A reaction-induced FT-IR study of cyanobacterial photosystem I.

In oxygenic photosynthesis, photosystem I (PSI) conducts light-driven electron transfer from plastocyanin to ferredoxin. The reactions are initiated when the primary chlorophyll donor, P(700), is photooxidized. P(700) is a chlorophyll dimer ligated by the core subunits psaA and psaB. A difference Fourier transform infrared spectrum, associated with P(700)(+)-minus-P(700), can be acquired using PSI from the cyanobacterium Synechocystis sp. PCC 6803. This spectrum reflects contributions from oxidation-sensitive modes of chlorophyll, as well as from oxidation-induced structural changes in amino acid residues and the peptide backbone. Oxidation-induced structural changes may play a role in the facilitation and control of electron-transfer reactions involving the primary donor. In this paper, we report that photooxidation of P(700) in cyanobacterial PSI perturbs a cysteine residue.
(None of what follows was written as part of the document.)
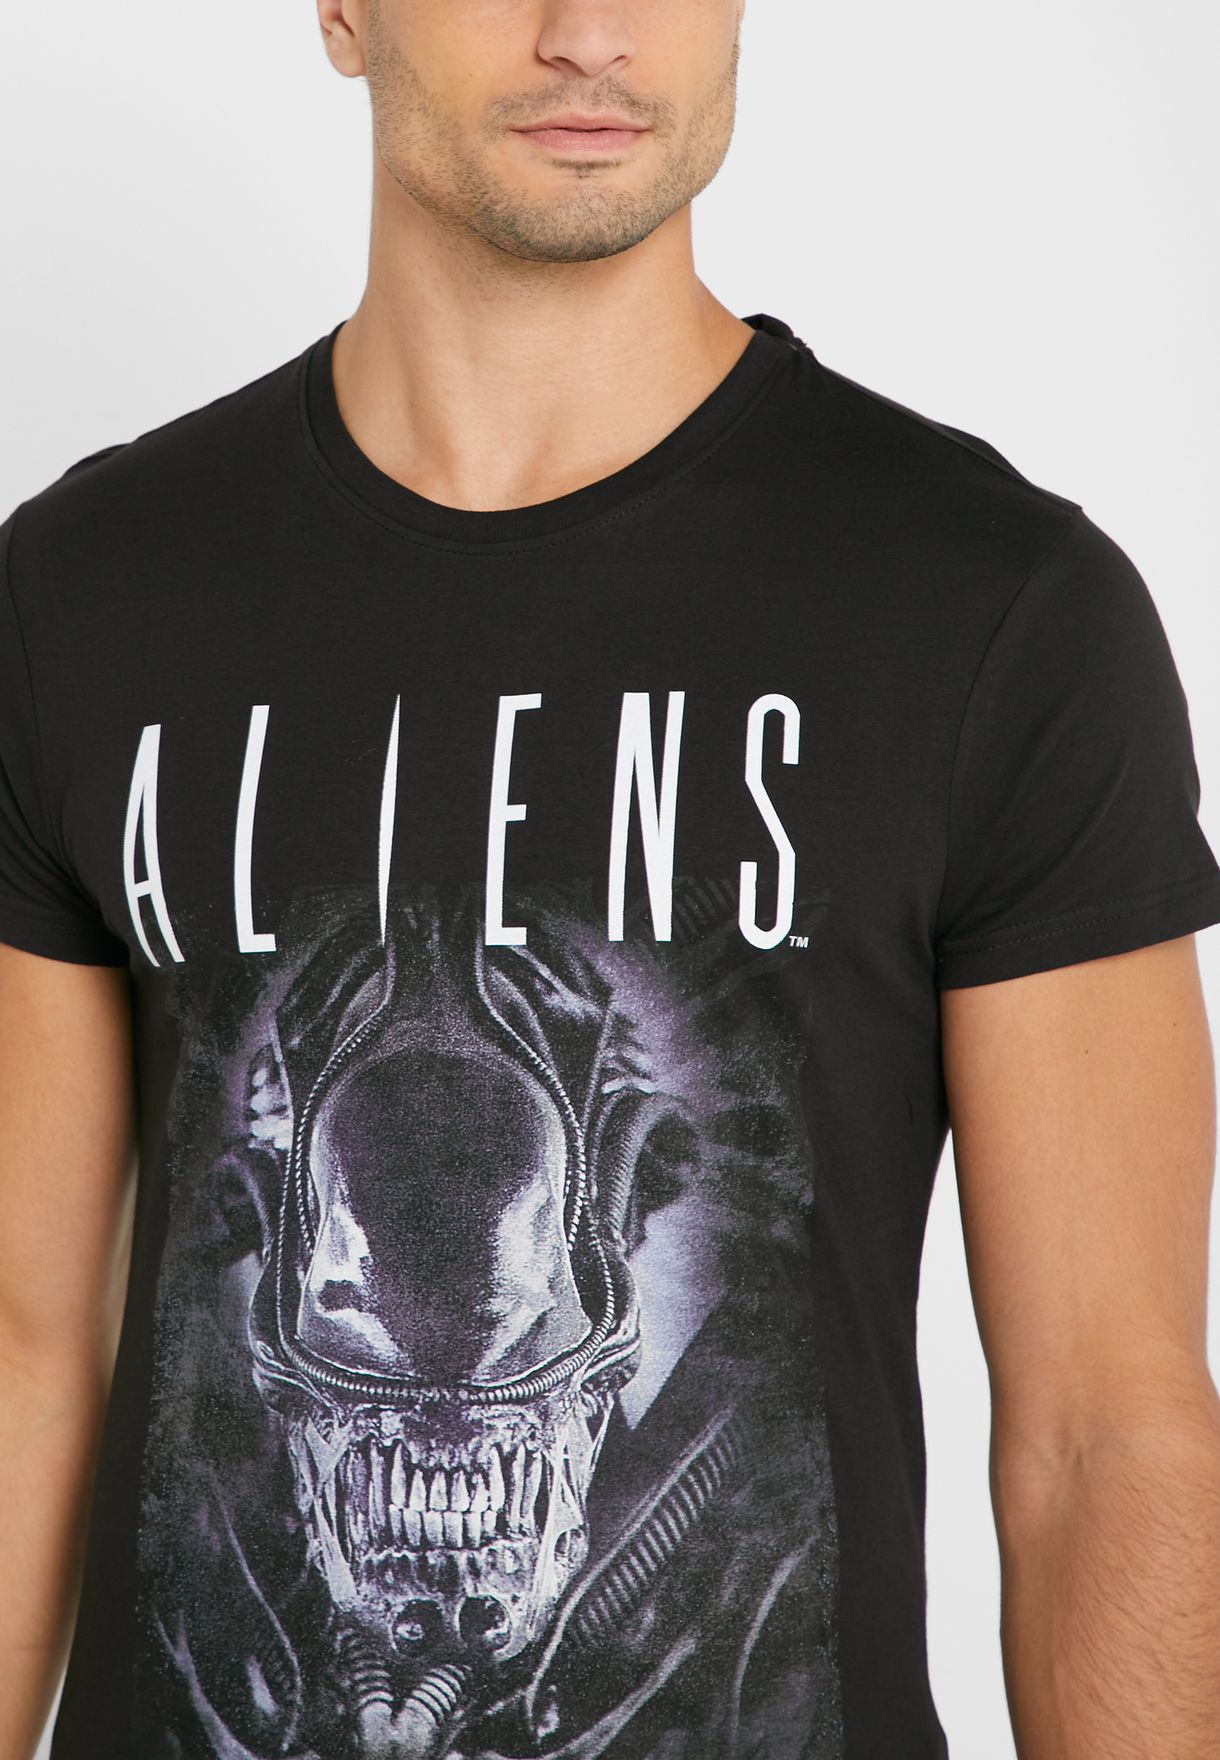 Aliens Crew Neck T-Shirt

At 264 and 80 K, a downshift of a SH stretching vibration from 2560 to 2551 cm(-1) is observed. Such a downshift is consistent with an increase in hydrogen bonding, with a change in C-S-H conformation, or with an electric field effect. Deuterium exchange experiments were also performed. While the perturbed cysteine is in a protein region that is resistant to exchange, other (2)H-sensitive vibrational chl and amino acid bands were observed. From the (2)H exchange experiments, we conclude that photooxidation of P(700) perturbs internal or bound water molecules in PSI and that the P(700)(+)-minus-P(700) spectrum is (2)H exchange-sensitive. The results are consistent with structural complexity in the PSI primary donor, as previously suggested [Kim, S., and Barry, B. A. (2000) J. Am. Chem. Soc. 122, 4980-4981]. Possible explanations, including a partial enolization of P(700)(+), are discussed.[1]

References

A reaction-induced FT-IR study of cyanobacterial photosystem I. Kim, S., Sacksteder, C.A., Bixby, K.A., Barry, B.A. Biochemistry (2001) [Pubmed]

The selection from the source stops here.